= Provided data =
-*-

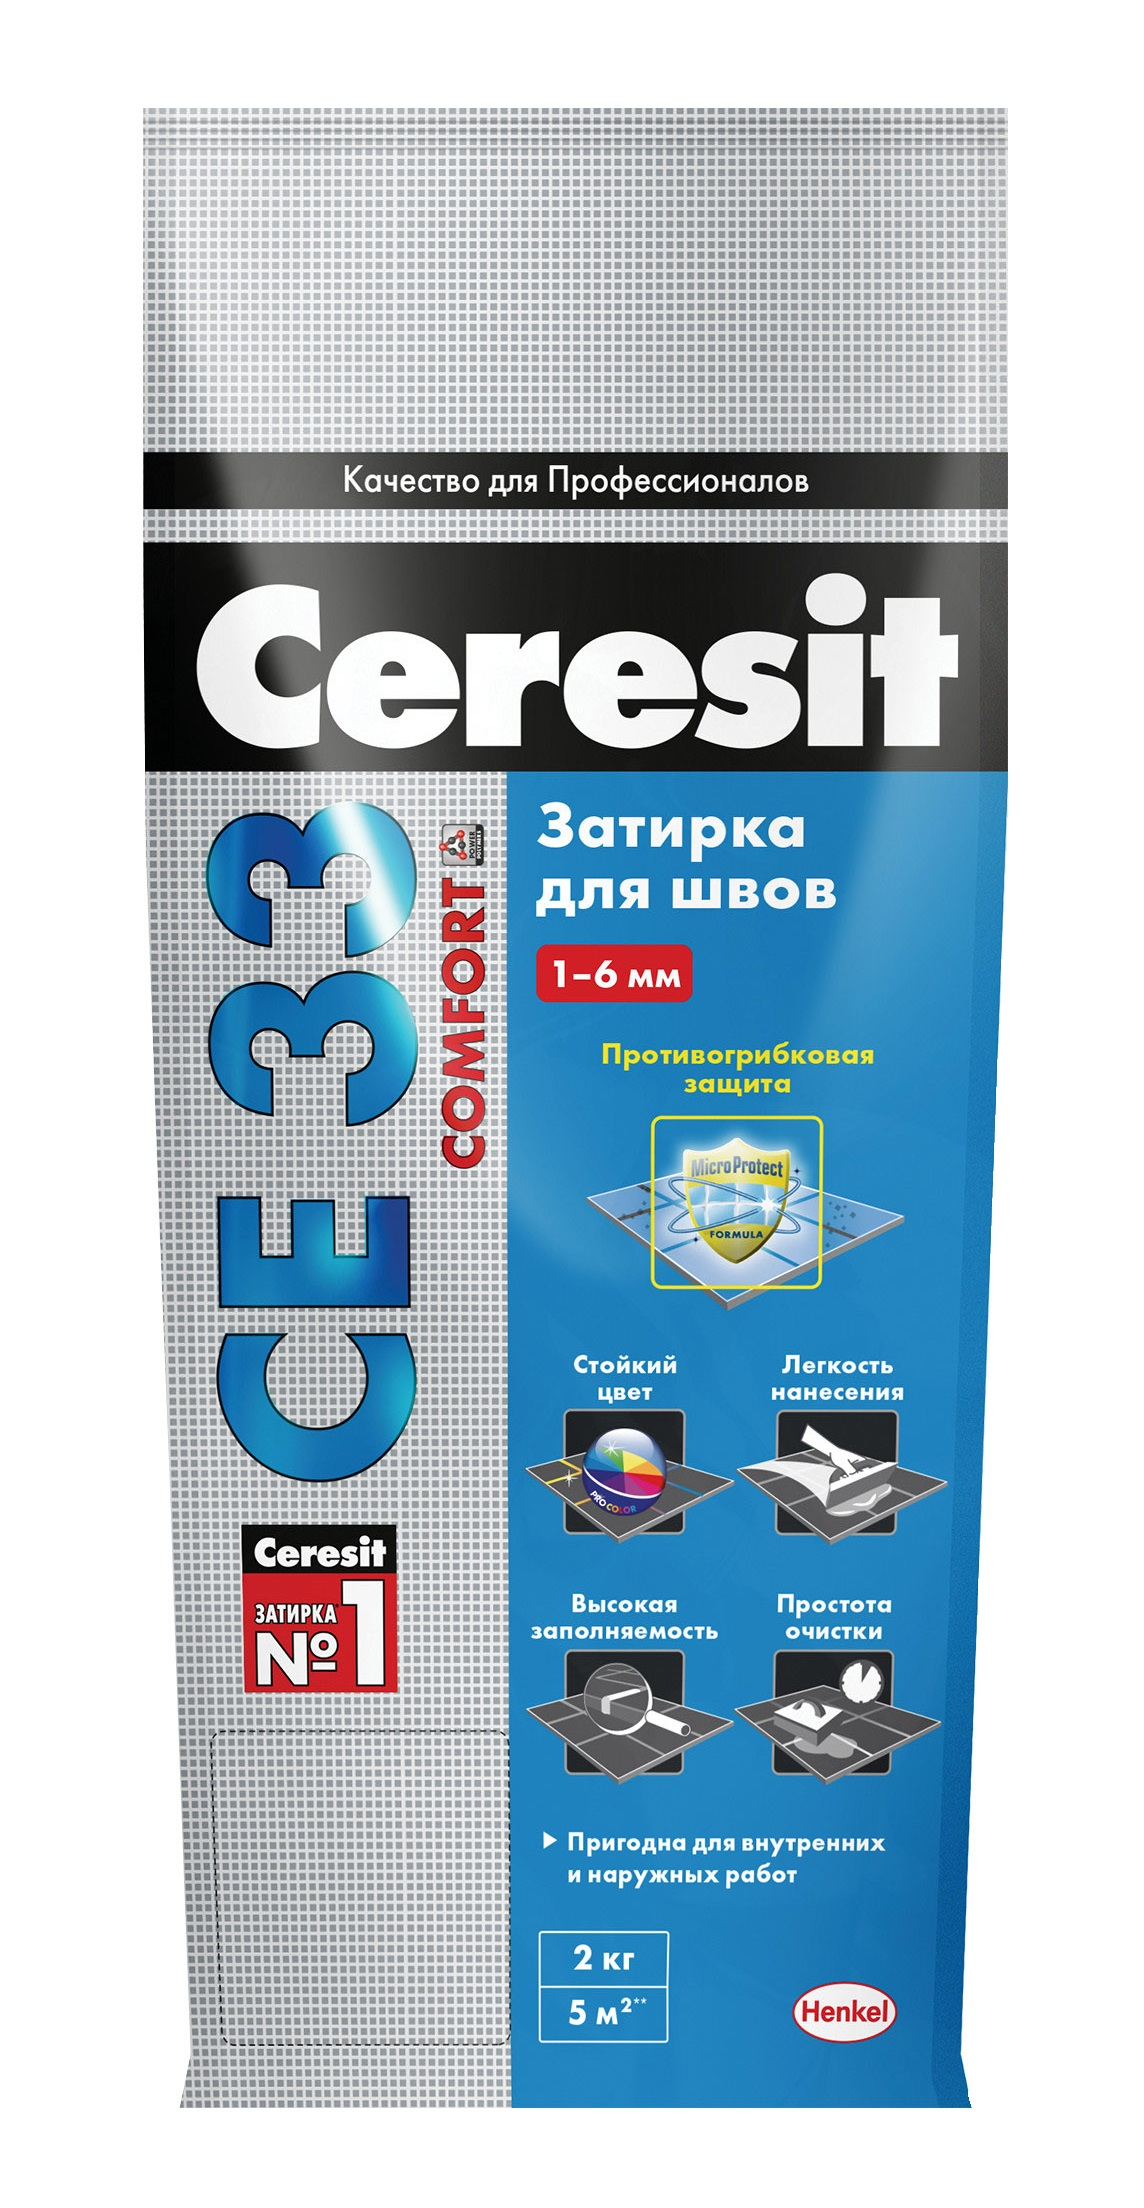 Затирка CERESIT CE33 №40 (жасмин) 2кг - фото
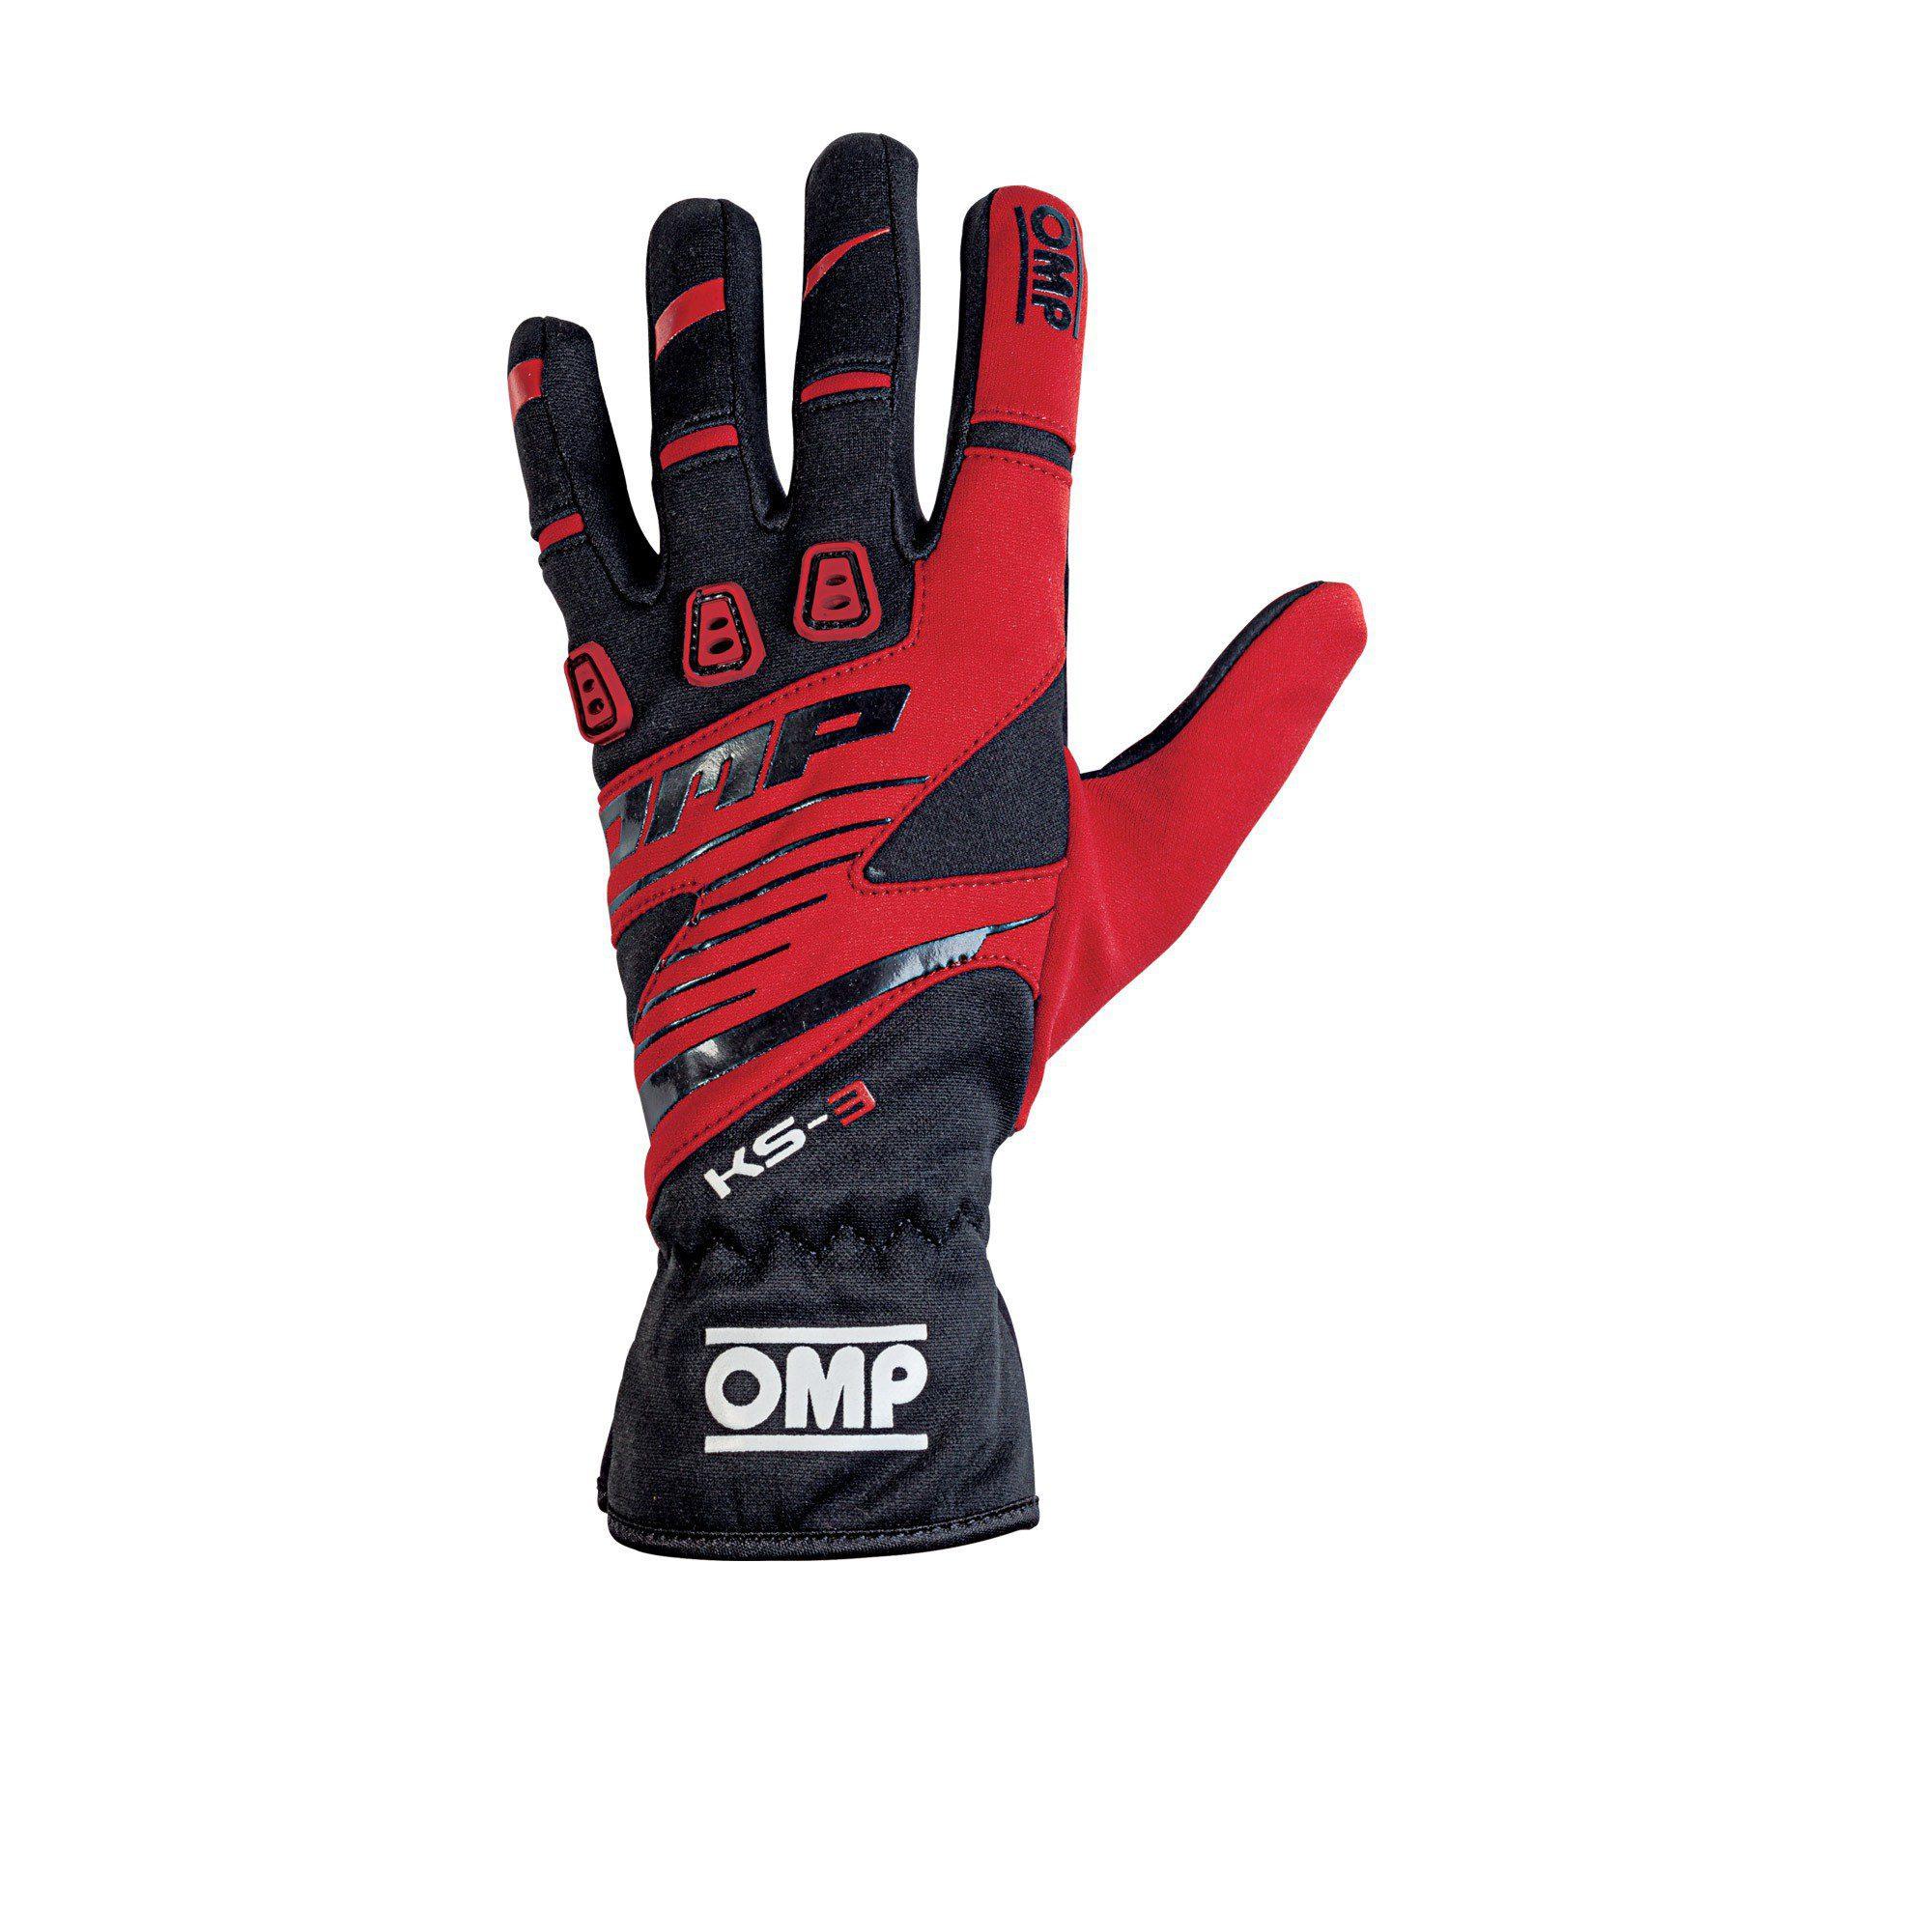 OMP 2019 KS-3 Kart Gloves red
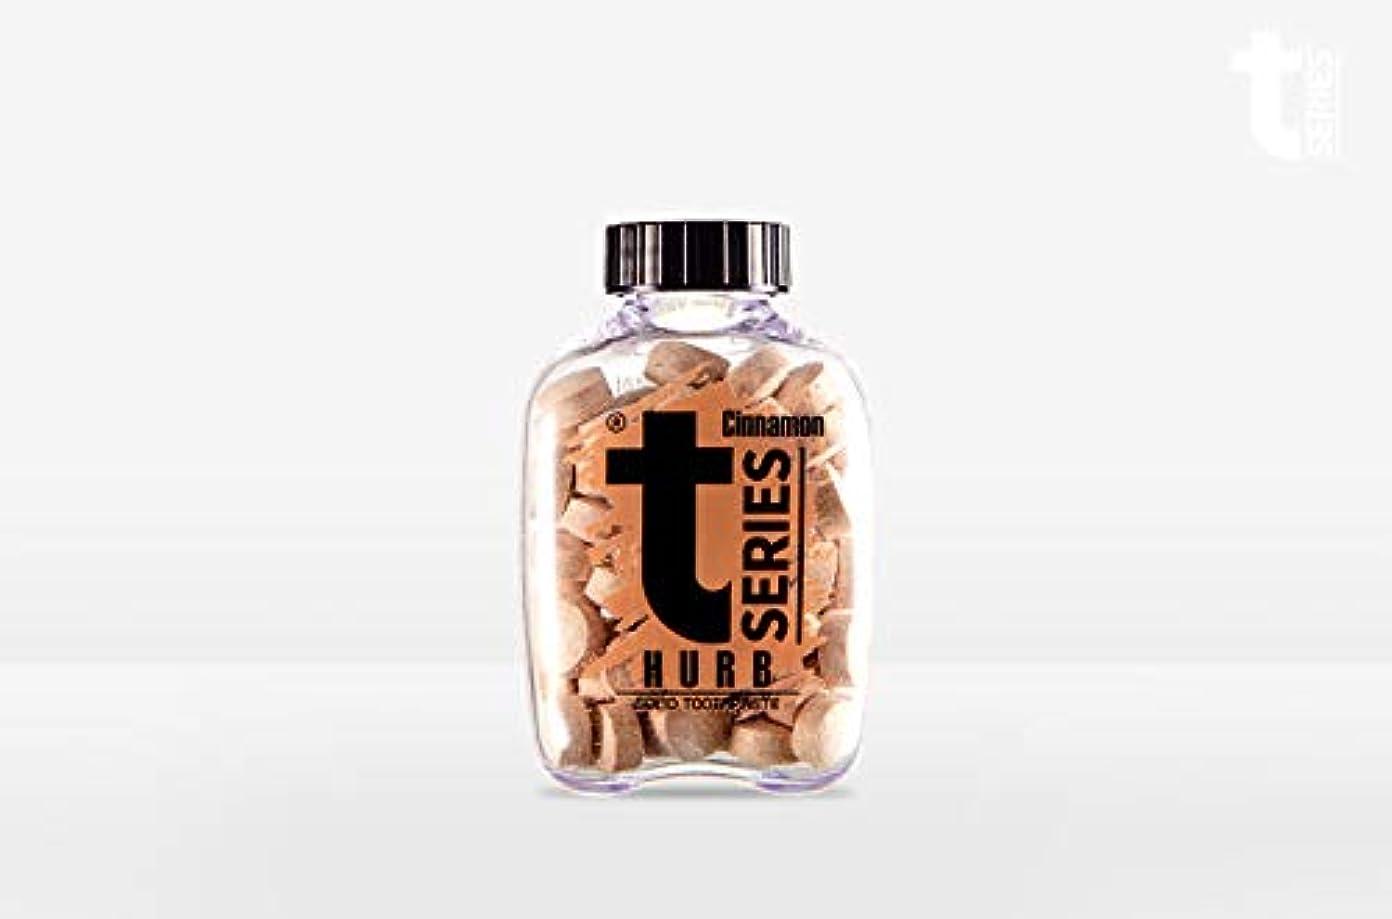 T - シリーズチュアブル ポータブル練り歯磨きソリッドタブレット型60タブ # ハーブシナモン
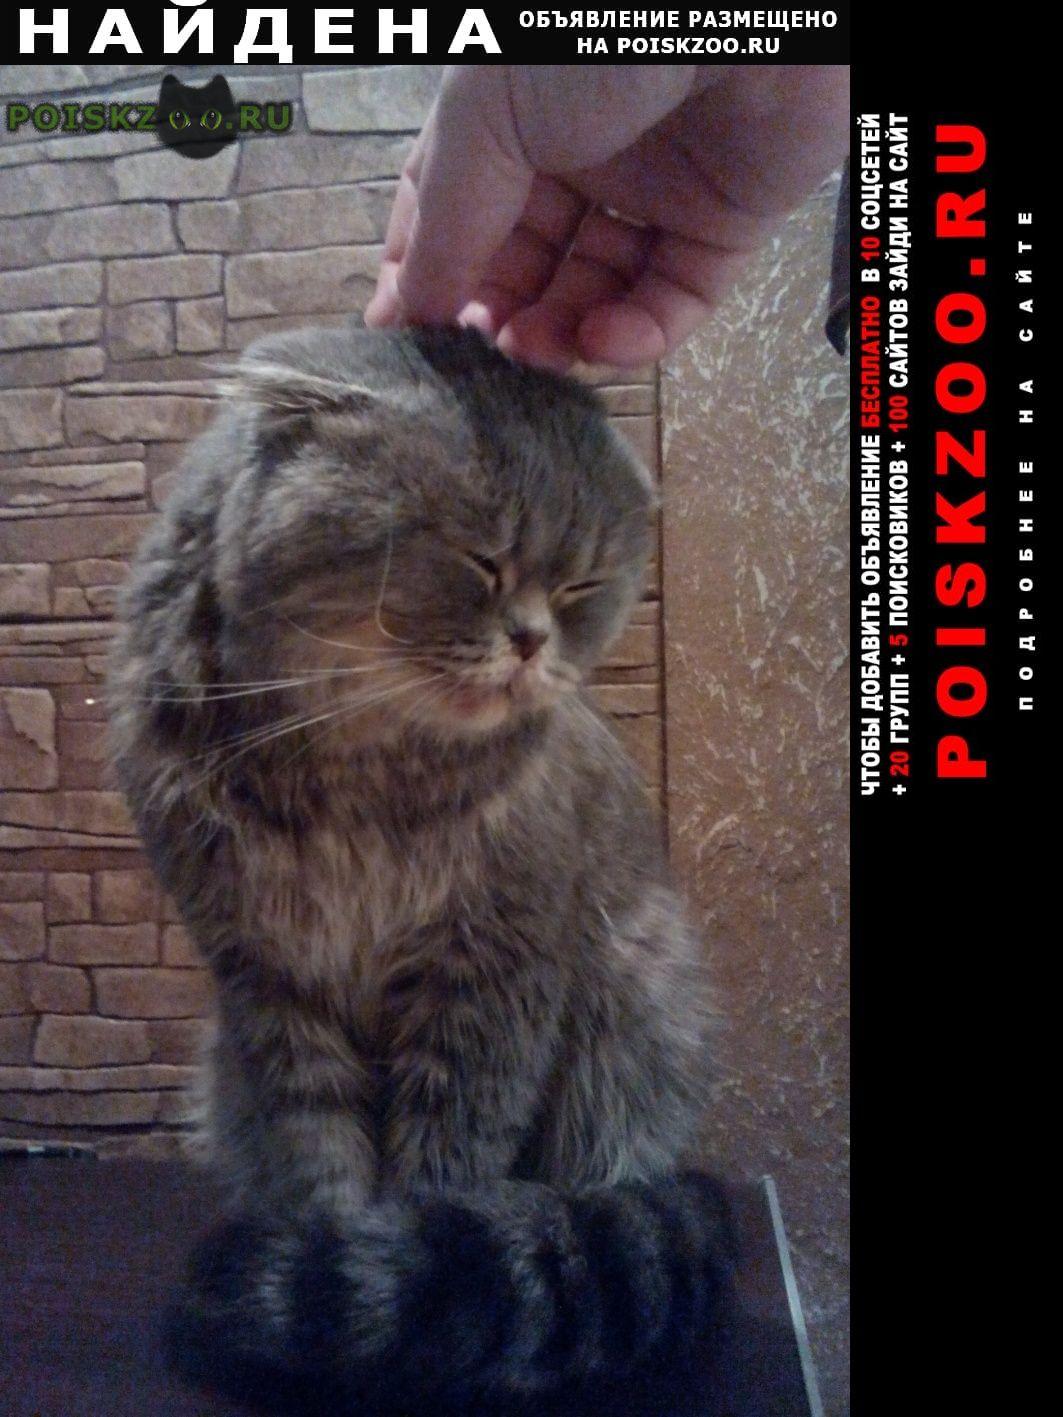 Найден кот г.Пенза

-*-

= Exercise requirements =
What is needed is an exact copy of all the data, with no images in it.

= Solved exercise =
 Затирка CERESIT CE33 №40 (жасмин) 2кг - фото
 OMP 2019 KS-3 Kart Gloves red
 T - シリーズチュアブル ポータブル練り歯磨きソリッドタブレット型60タブ # ハーブシナモン
 Найден кот г.Пенза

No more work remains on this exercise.